Ab heute bekommt ihr die beiden Geschichten zur Abstimmung – Viel Spaß damit!

Geschichte 1 – “Ingrid wird entführt”

Es war Morgens.
Gernot wachte verschlafen auf, die Sonne kitzelte ihn an der Nase.
Müde drehte er sich um. Doch die Betthälfte neben ihm war leer.
„Wo war Ingrid nur.“ Er blickte auf die Uhr. Es war gerade kurz nach sechs, sie konnten also noch über eine Stunde schlafen, ehe sie in die Klinik mussten.
Doch Ingrid war bereits aufgestanden. In ihren Bademantel gehüllt, stand sie auf der Terrasse des Bauernhauses und sah in die Ferne.
Sie war so vertieft, dass sie nicht mitbekam, wie Gernot plötzlich hinter ihr stand und sie von hinten sanft umarmte.
Gernot musst du mich so erschrecken?
Tut mir leid mein Schatz, ich wollte dich nicht erschrecken. Was machst du denn hier draußen? Es ist doch noch früh.
Gernot sah Ingrid an und drehte sie zu sich um. Dann sah er, dass sie geweint hatte.
Ingrid was ist denn los mit dir, was ist denn passiert?
Nichts Gernot ist schon gut.
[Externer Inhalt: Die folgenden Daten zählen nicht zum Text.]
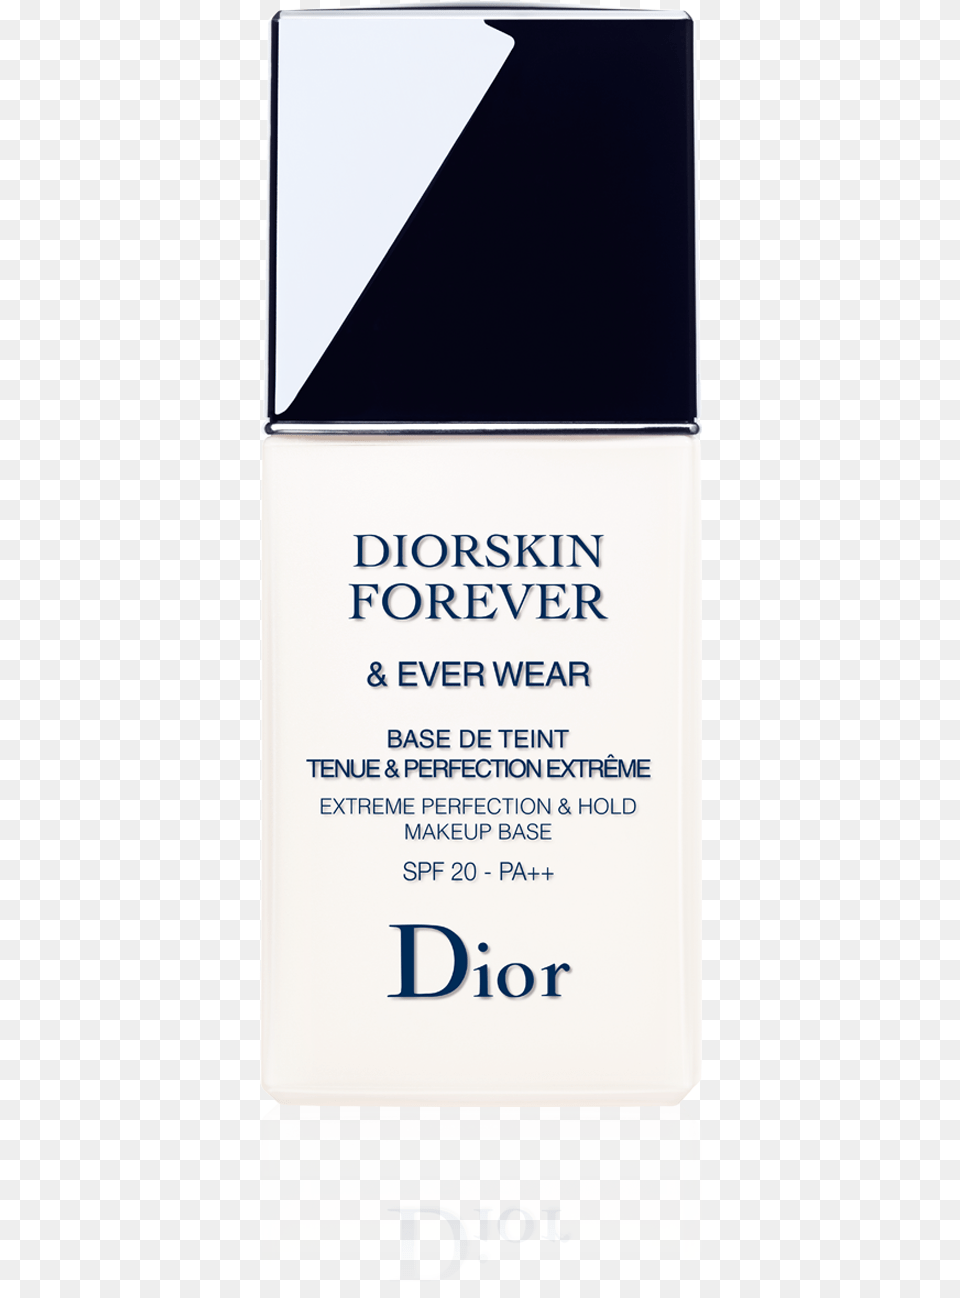 Diorskin Forever Amp Ever Wear Extreme Perfection Amp Hold, Bottle, Cosmetics, Blackboard Png

Ingrid sah ihn an und drehte sich weg.
Gernot sah sie ratlos an. Was war nur passiert. Er kam überhaupt nicht mehr an Ingrid ran.
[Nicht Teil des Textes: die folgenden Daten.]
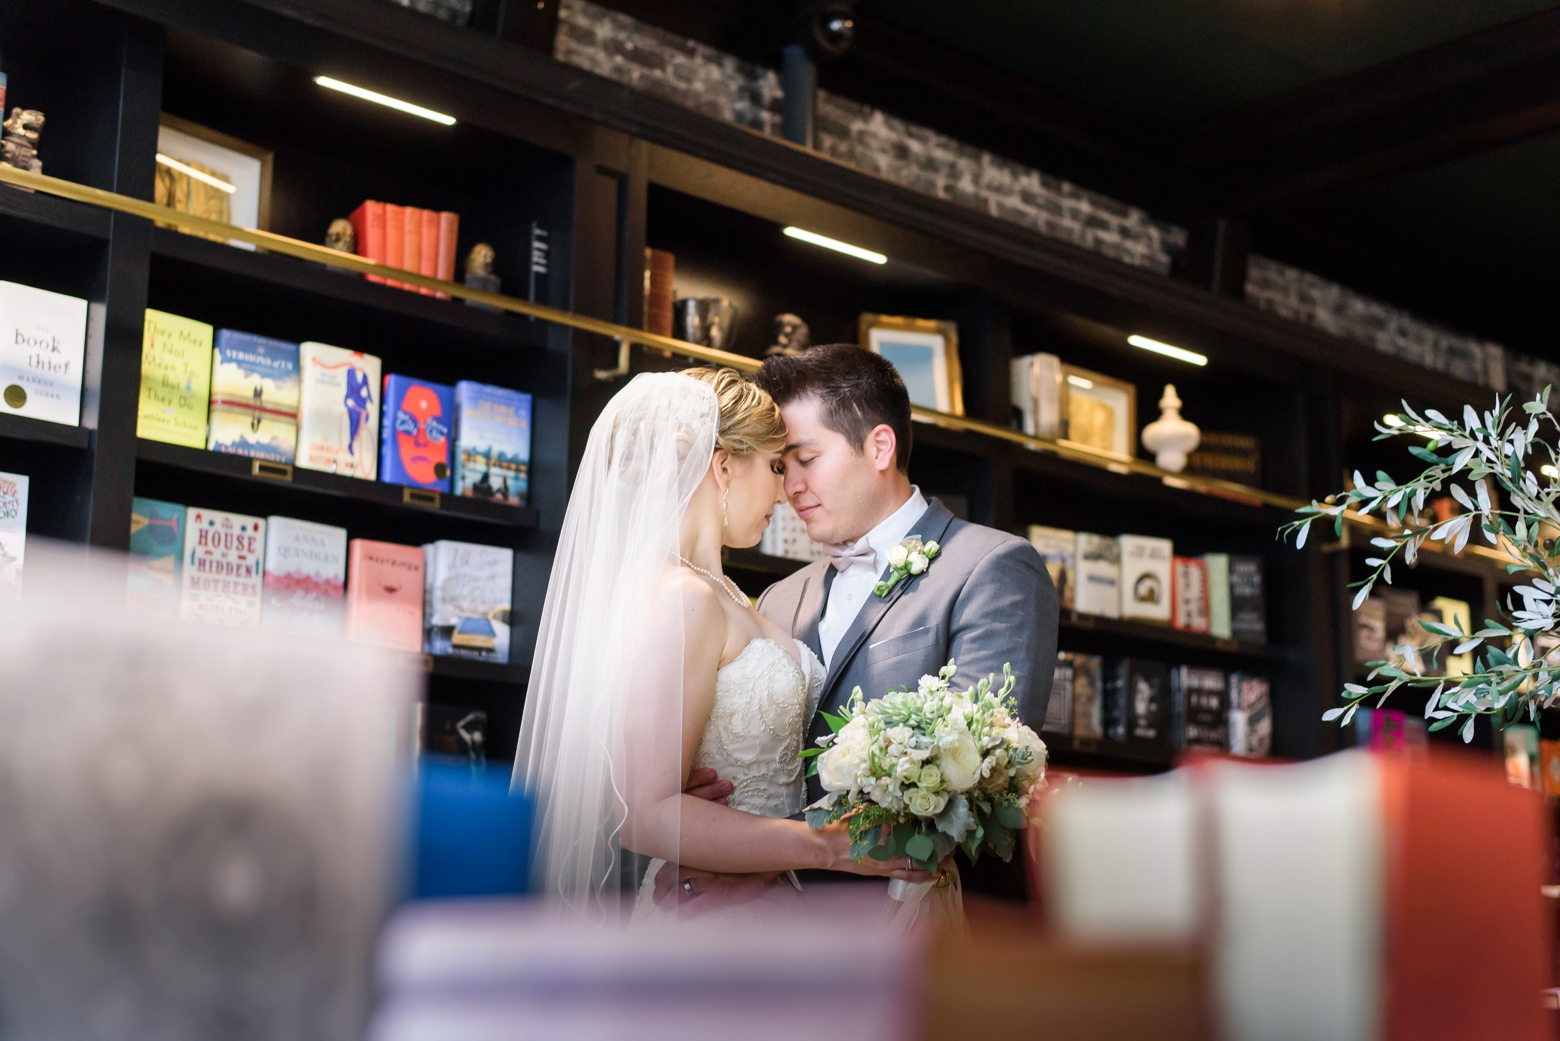 Bride and Groom share a quiet moment in the library of Oxford Exchange after their wedding

Das ging schon ein paar Tage so. Ingrid sah Gernot an. Dann strich sie ihm über die Wange und ging nach oben ins Bad.
Soll ich dich mit nehmen?
Nein Gernot ich fahre mit dem Bus rief Ingrid und machte sich weiter fertig.
Aber es ist für mich kein Problem dich mit zu nehmen.
„Gernot bitte.“ Ich fahre mit dem Bus und jetzt Ende der Diskussion. Ingrid wurde langsam sauer.
Na gut wie du willst. Gernot war schwer getroffen von Ingrids Entscheidung.
Ingrid stellte den Wasserhahn aus und lehnte den Kopf gegen den Schrank.
„Sie konnte Gernot doch nicht sagen was los war.“ Das würde alles nur noch schlimmer machen.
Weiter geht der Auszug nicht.